URL
https://doi.org/10.1101/2020.11.28.20239517
Type d’article
Preprint
Thème
Stratégies de contrôle, Économie
Que retenir de cet article, en 1-2 phrases ?
Il est possible de combiner des modèles épidémiologiques et économiques pour étudier les compromis (trade-off) entre nombre de vies épargnées et coût économique des mesures de distanciation sociale. Ces compromis peuvent être non-linéaires en fonction de la durée d’un confinement total ou du taux de respect des mesures, et des optimums se dégagent, potentiellement utiles pour les décideurs politiques.
Objectifs de l’étude / Questions abordées
- Coupler modélisation épidémiologique et modèles économiques pour évaluer la perte économique liée à la baisse d’offre de travail induite par les mesures de distanciation sociale.
- Étudier numériquement les effets des mesures de distanciation sociale sur le compromis entre pertes économiques et pertes humaines, par secteurs et en fonction de différents scénarios.
Méthode
Trois types de modèles sont combinés : modèle individu-centré basé sur un réseau de contacts sociaux ; modèle épidémiologique de type SEIR ; et un Dynamic Inoperability Input-Output Model. Les paramètres du modèle SEIR sont donnés par le “best guess version of COVID-19 Pandemic Planning Scenarios”, provenant de l’équipe “US Centers for Disease Control and Prevention (CDC) SARS-CoV-2 Modeling Team”.
Les données démographiques utilisées sont des données de recensement aux États-Unis (US Census). Les données économiques sont celles de l’agence publique américaine d’analyse économique (US BEA).
Résultats principaux
Si on tient compte du coût économique des interventions cliniques, il y a un optimum entre durée d’un confinement de la population et le taux d’acceptation des mesures de confinement : 70% d’acceptation a déjà un effet suffisant sur la maîtrise de l’épidémie, au-delà de 80% l’effet sur l’épidémie est négligeable au regard de l’impact économique. Les auteurs parlent de notions de “masse critique de travailleurs à la maison”.
Concernant le compromis nombre de vies épargnées / coût économique, les mesures de confinement courtes avec fort taux d’acceptation semblent préférables.
Si la population ne respecte pas les mesures de confinement, en augmentant la durée de celui-ci, on atteint les mêmes résultats en nombre de vies sauvées mais au prix d’un impact économique plus important.
Une prédiction de l’impact économique par secteur est donnée. L’impact semble être plus important sur des secteurs où le coût du travail est plus important (exemple : gouvernement versus bâtiment).

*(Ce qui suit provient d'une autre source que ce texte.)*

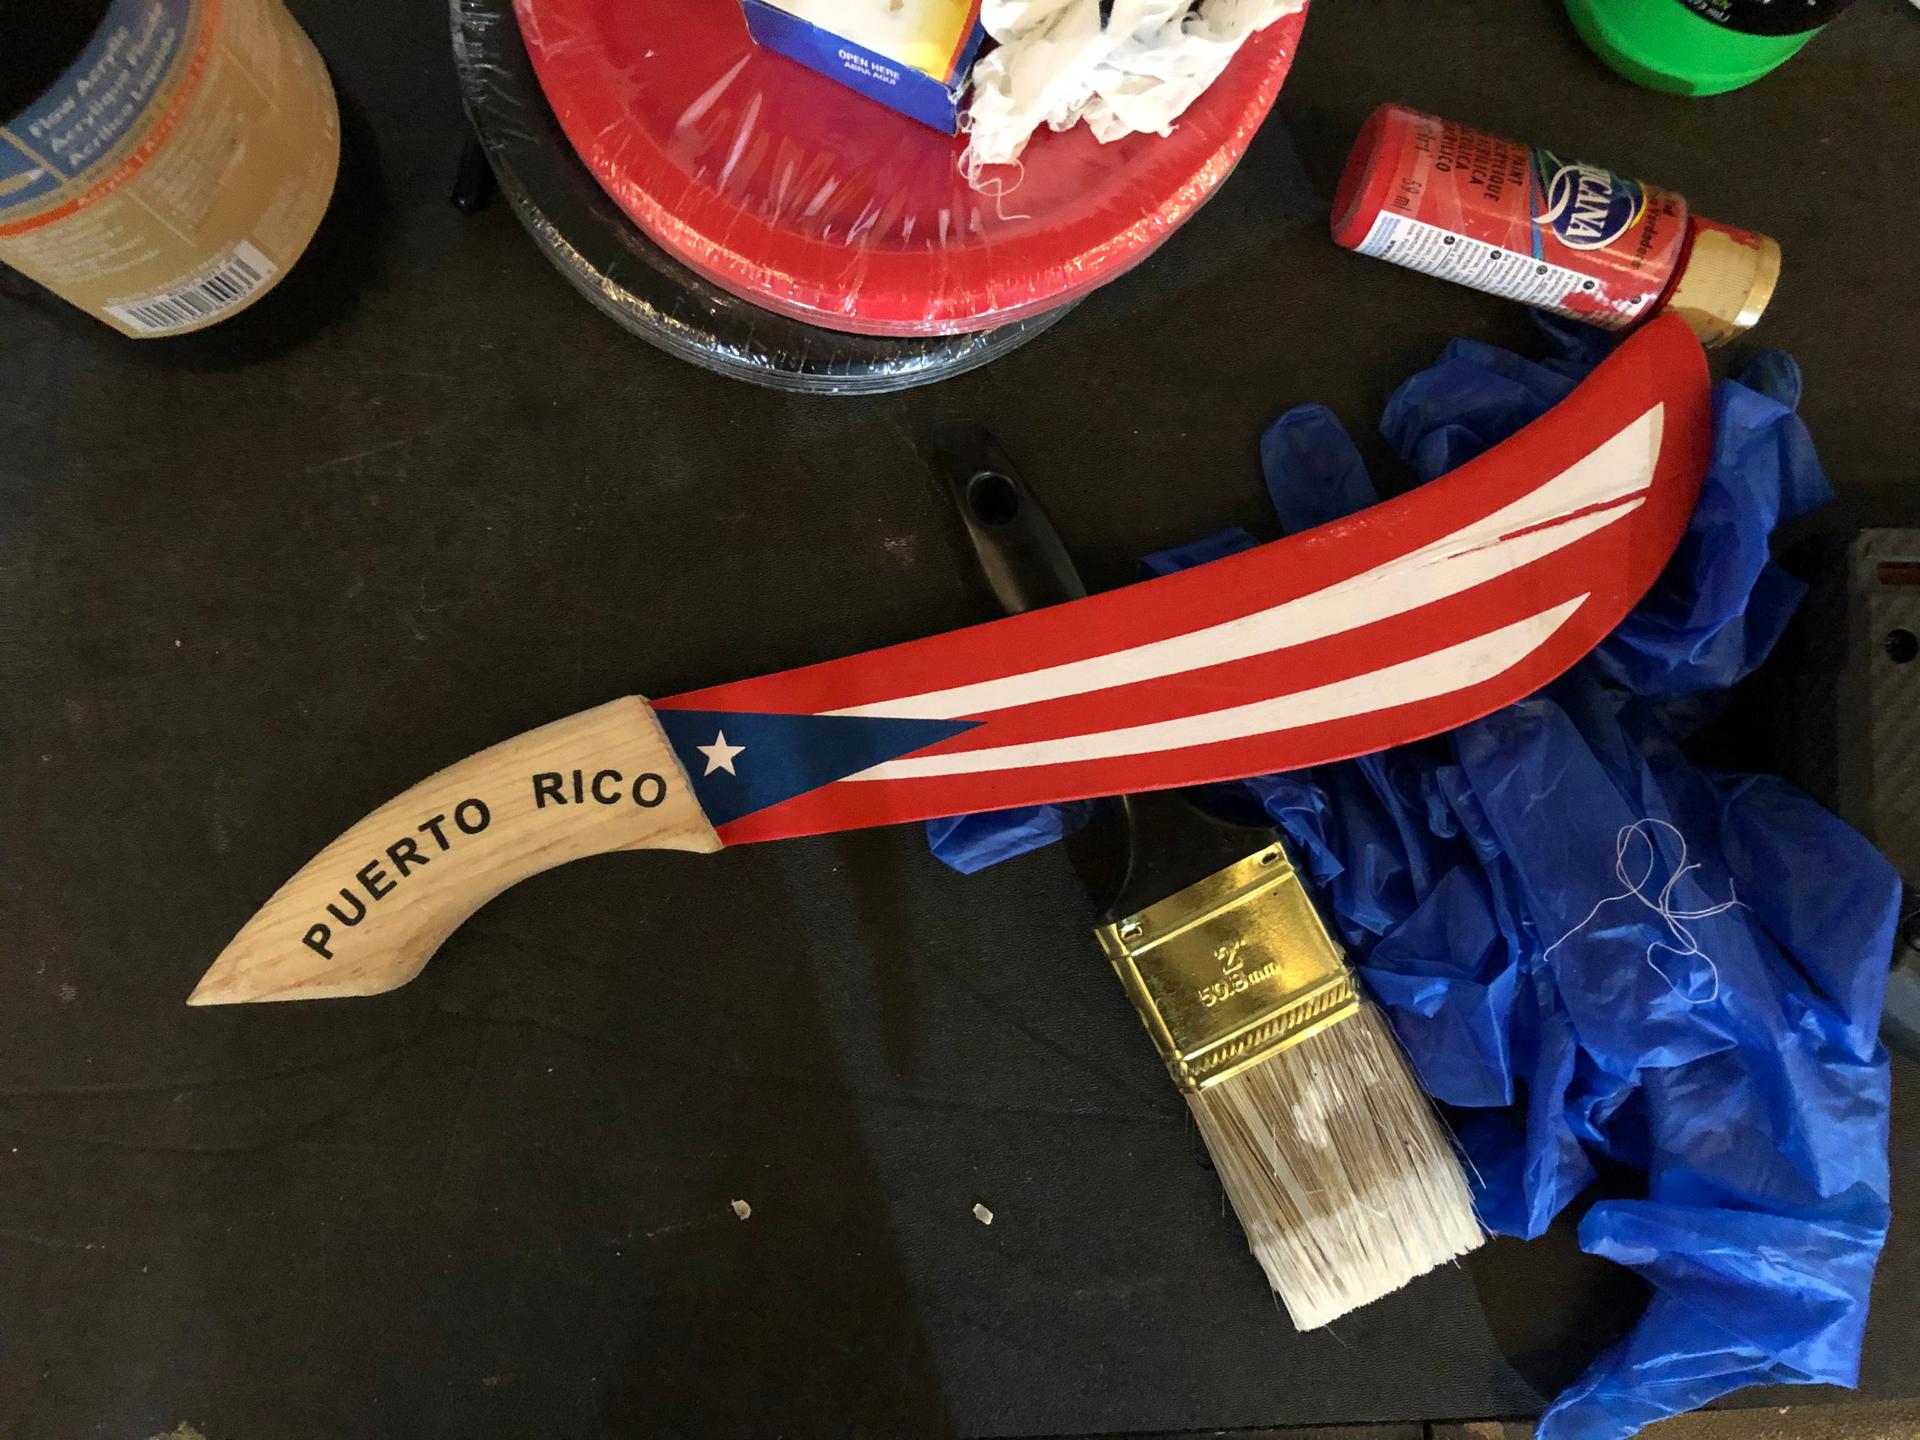 A prop wooden machete painted red, white and blue to match the Puerto Rican flag.

Commentaire / brève évaluation, limites, ouvertures possibles
La construction du modèle est intéressante en soi, même si de nombreuses limitations de modélisation apparaissent. Du point de vue méthodologique, on se demande pourquoi les auteurs ne se basent que sur 25 simulations, ce qui paraît peu au regard de la complexité du modèle. Les conclusions peuvent apparaître un peu décevantes et relativement “intuitives”, mais l’intérêt de l’approche est d’apporter des réponses quantitatives. La prise en compte de l’impact économique par secteur semble relativement rudimentaire, dans la mesure où la spécificité de chaque secteur n’est pas prise en compte (uniquement le coût du travail et le taux de travail télétravaillable). En revanche, des données d’inter-dépendance entre 21 secteurs industriels de la NAICS (North-American Industry Classification System) sont utilisés pour rendre compte des liens entre secteurs industriels.
Parmi les extensions possibles, on peut penser à
i. prendre en compte les activités dites “essentielles” dans le modèle de contact social, qui limite les mesures de confinements aux travailleurs d’activités dites “non-essentielles”, et qui doit avoir un rôle sur les prédictions d’impact économique sur chaque secteur.
ii. La prise en compte de la demande et des prix (limites données par les auteurs) pour compléter le versant économique du modèle (certains secteurs ont eu une activité et des gains augmentés pendant le confinement, compensant largement les pertes uniquement modélisées dans ce travail)
iii. Une analyse plus poussée sur la sociologie/démographie de la population par secteur économique, pour tenir compte des spécificités de chaque secteur.